This is a long-standing issue in C. It's the same reason why

int array[2];
const int (*ptr)[2] = &array;

is invalid in C (but would be valid in C++): this declares a pointer to an array of const-qualified integers, which is not a const-qualified array of integers, so the normal rule that a pointer to an type can be implicitly converted to a pointer to the const-qualified version of that type does not apply.

In your case, you're converting from const char * (a pointer to a const-qualified type) to char const (*)[a][b][c] (a pointer to a non-const-qualified type), which -Wcast-qual is supposed to warn about.

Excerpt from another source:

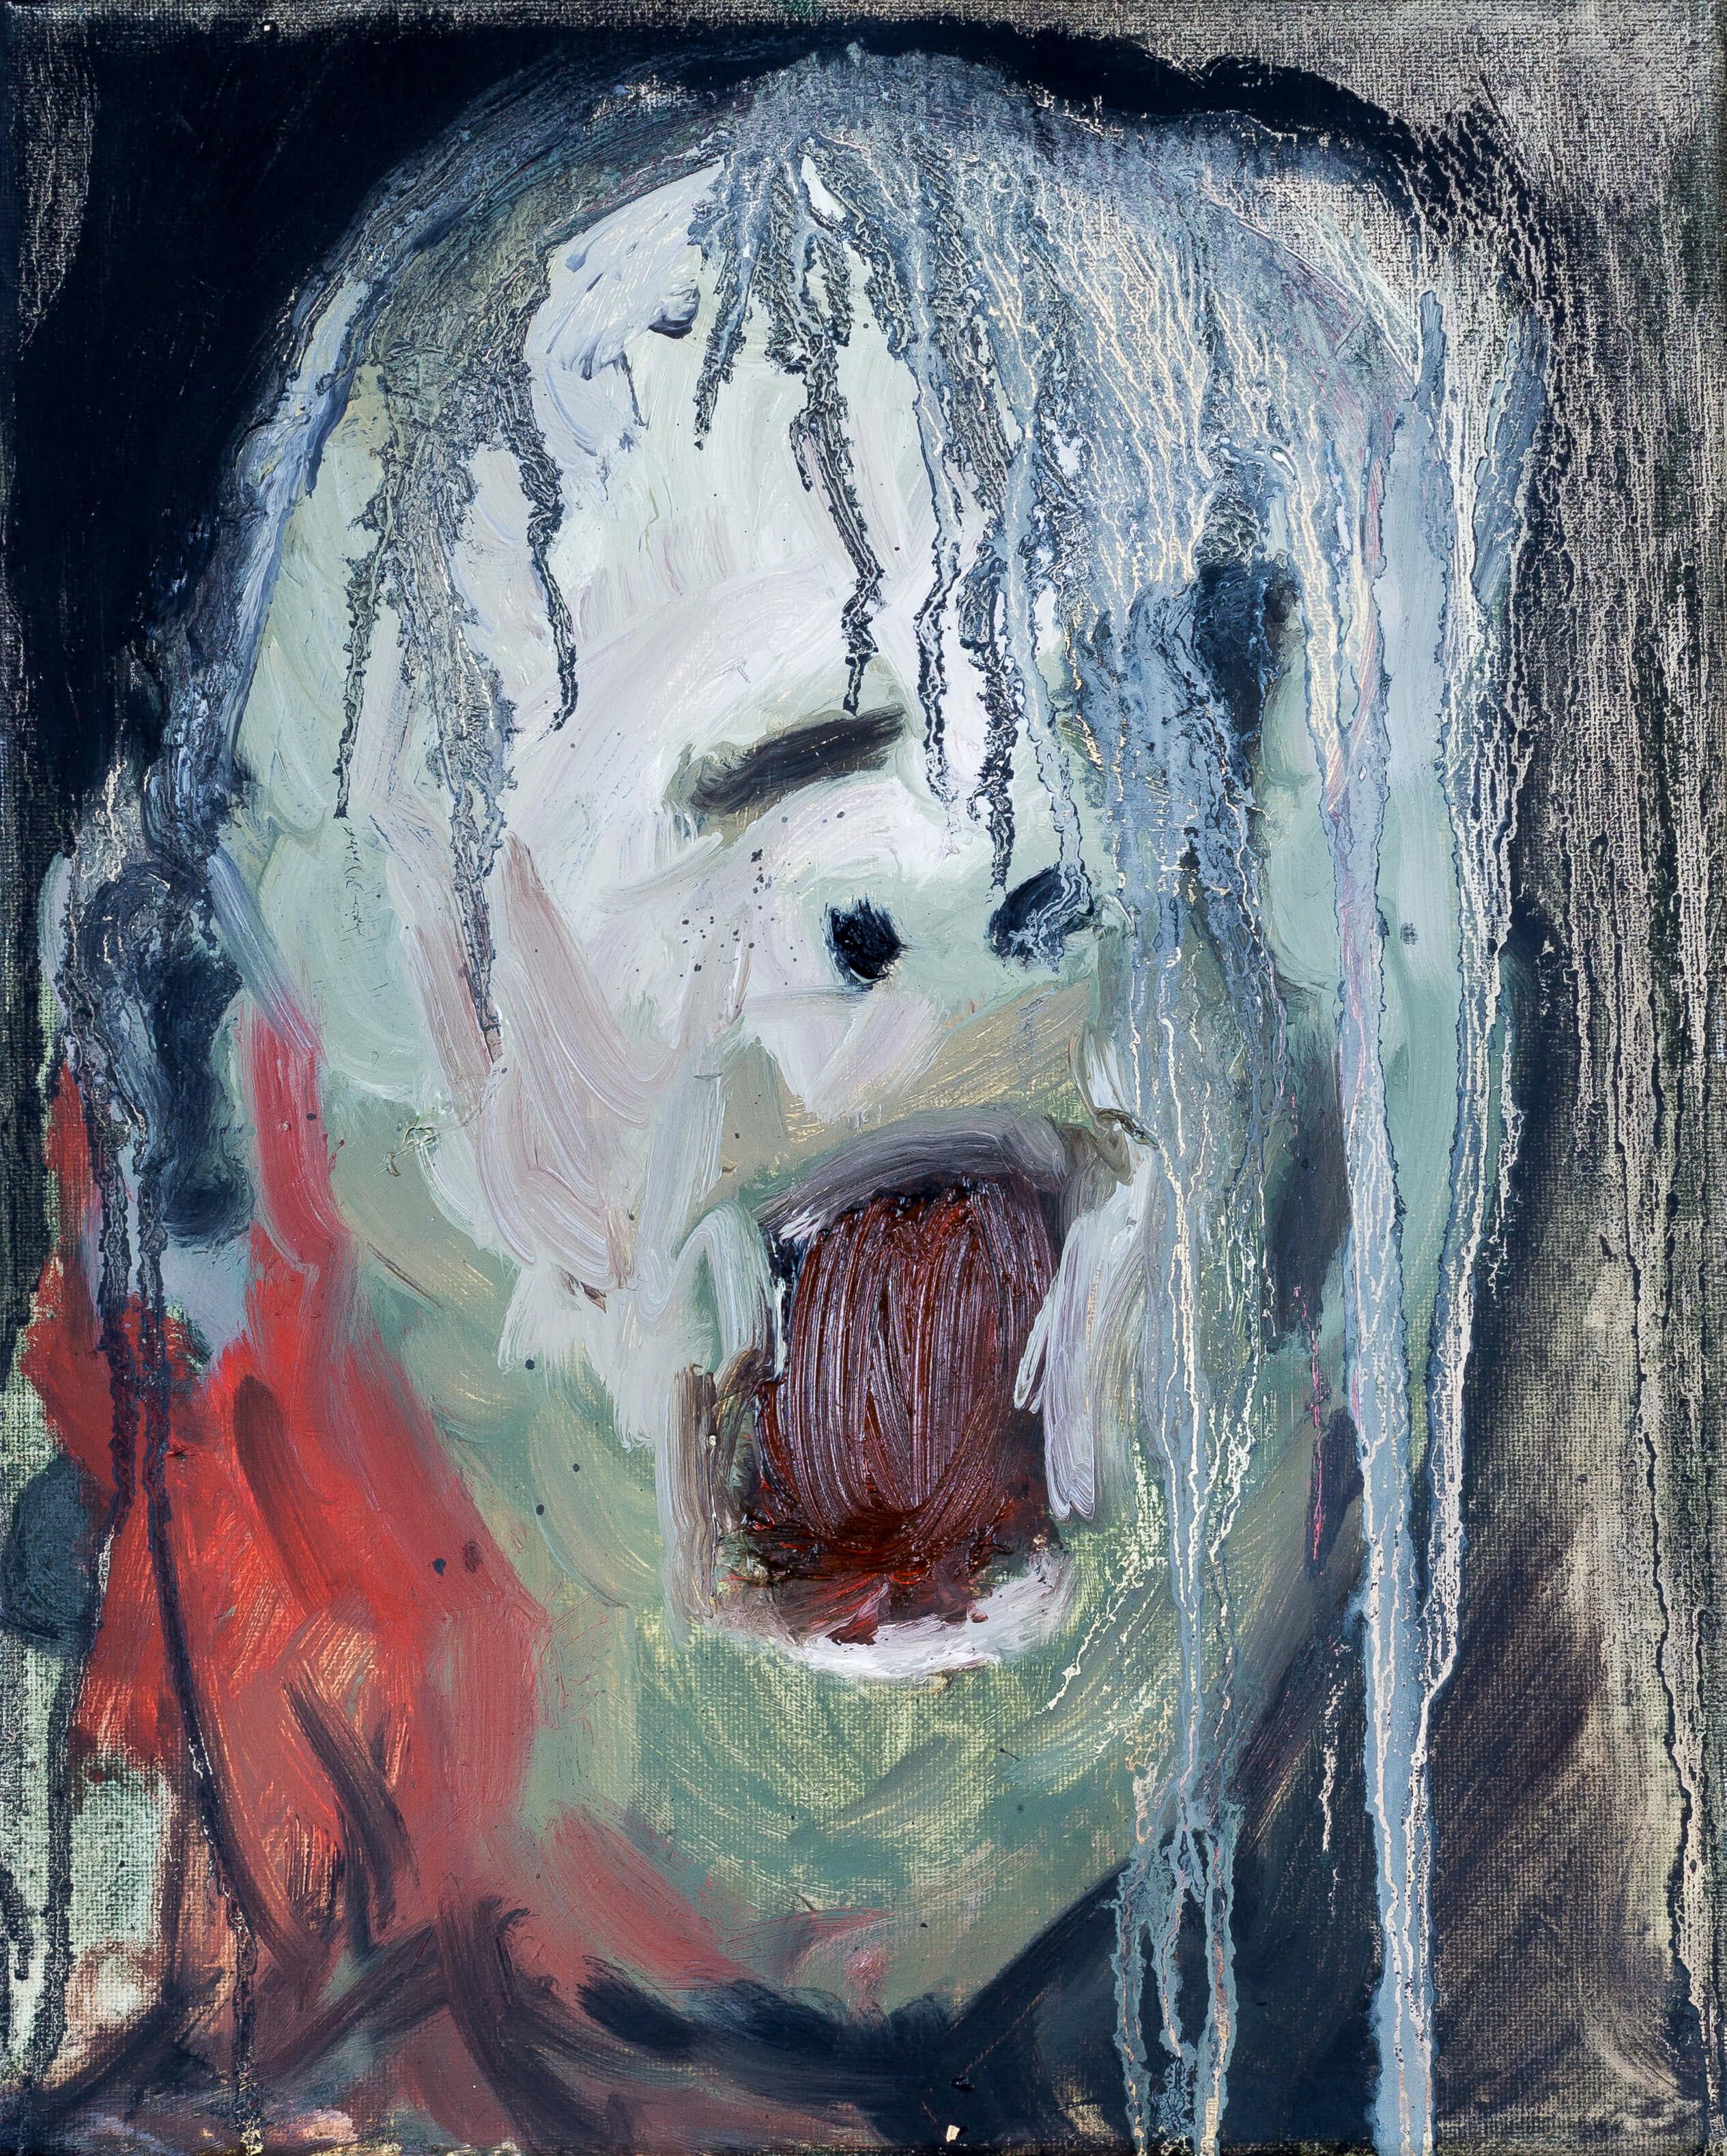 Katharina Albers, Transformation XXIII, 2011, Öl auf Leinwand, 30×24 cm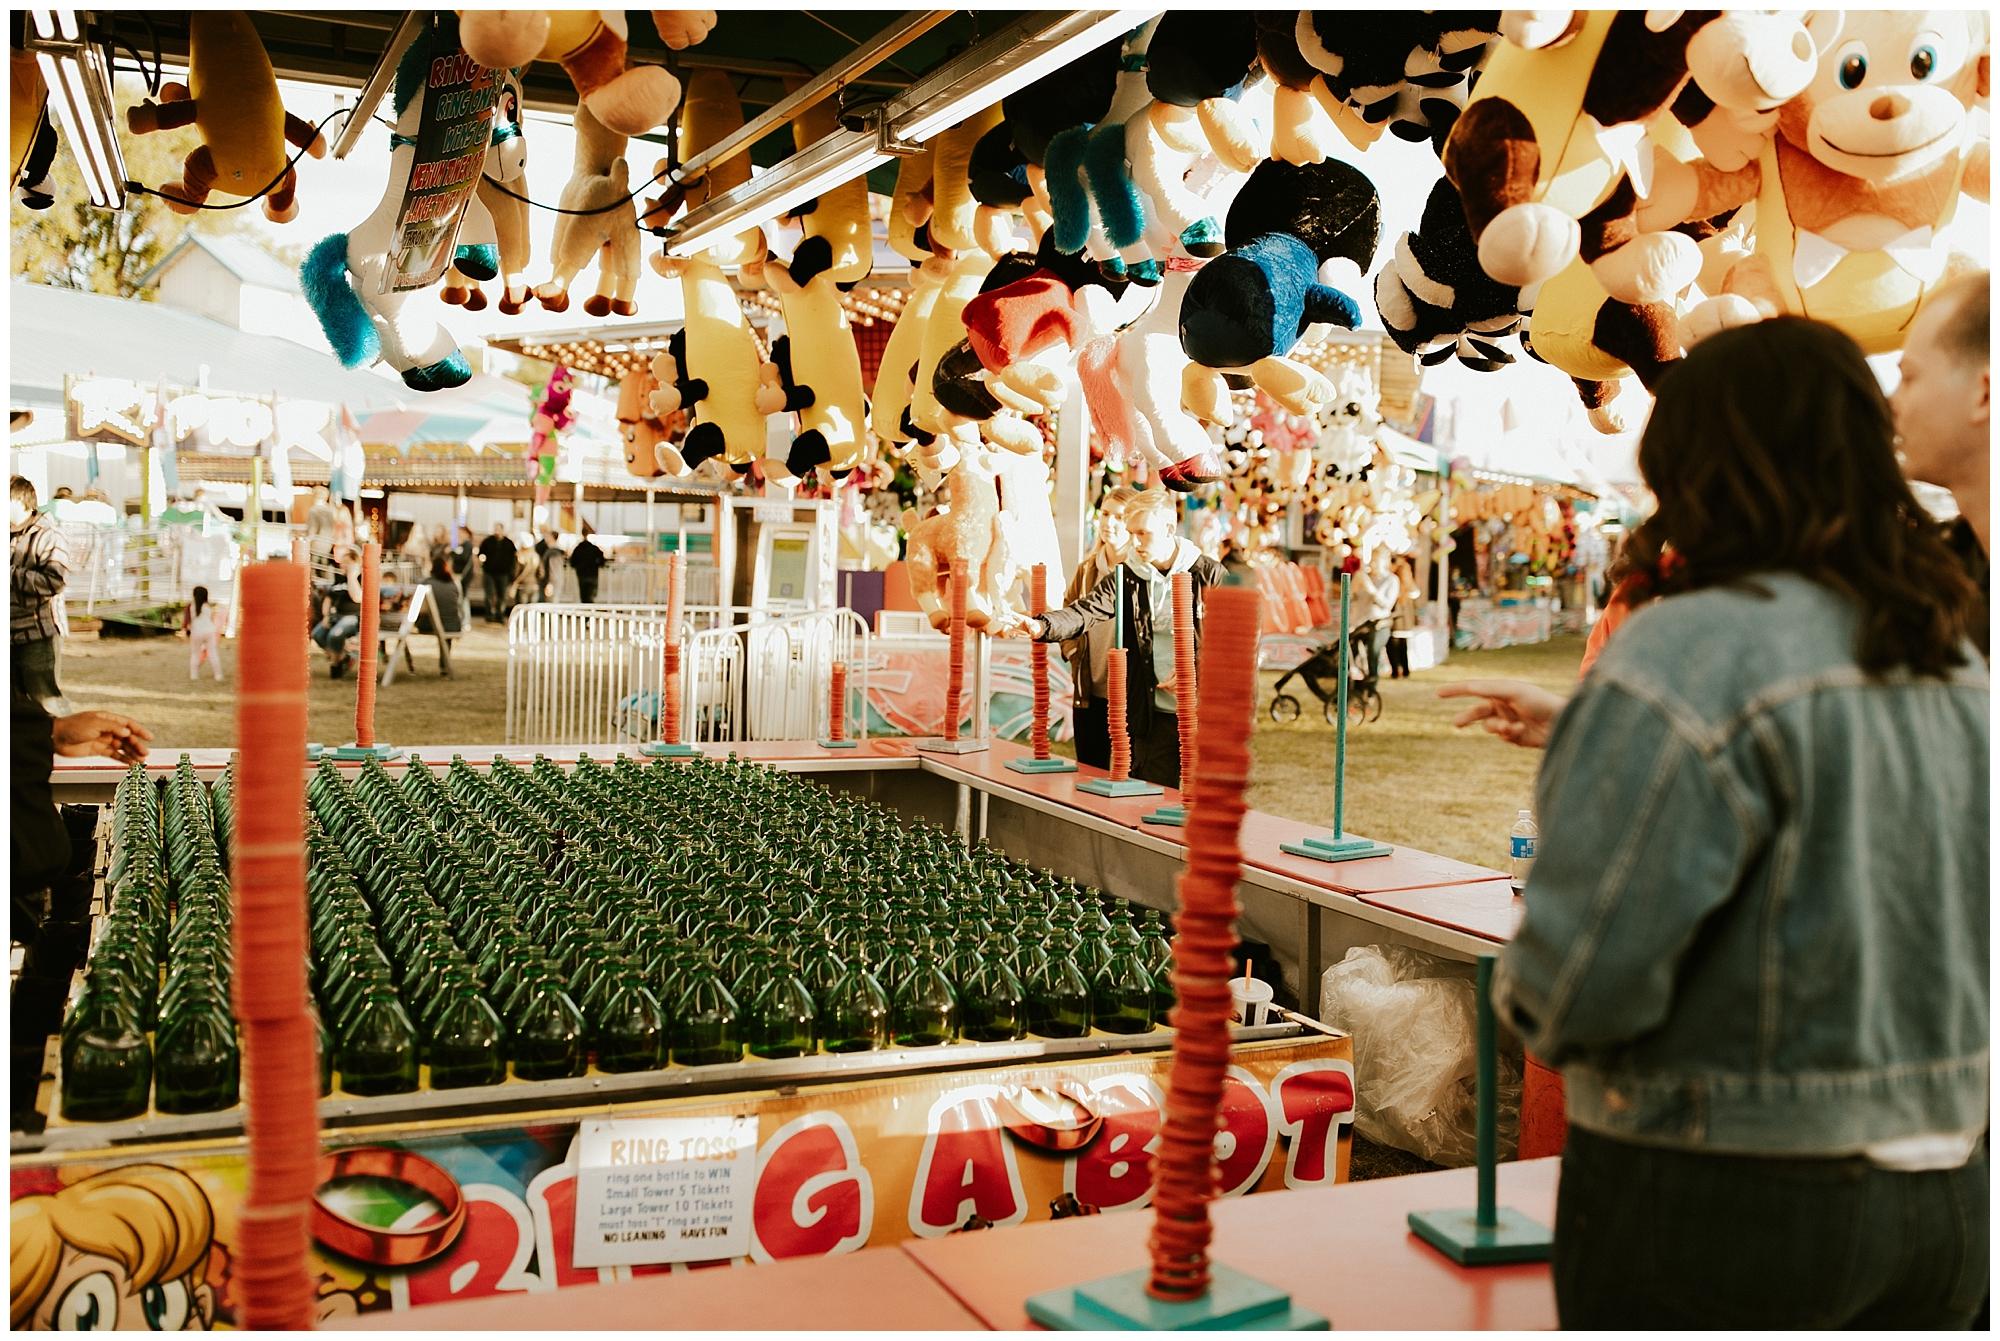 Spokane Interstate Fair Cassie Trottier Photo1027.jpg

clang just never bothered to implement this particular oddity of C, it treats C code with the C++ semantics, which say that an array of const elements is itself const-qualified as well.

You'd normally be able to work around it by wrapping the array in a struct:

typedef struct { char d[a][b][c]; } const *DATA_PTR;

but this is not an option for VLAs. I do not believe there is a suitable workaround other than not using multi-dimensional arrays at all here, or not using -Wcast-qual.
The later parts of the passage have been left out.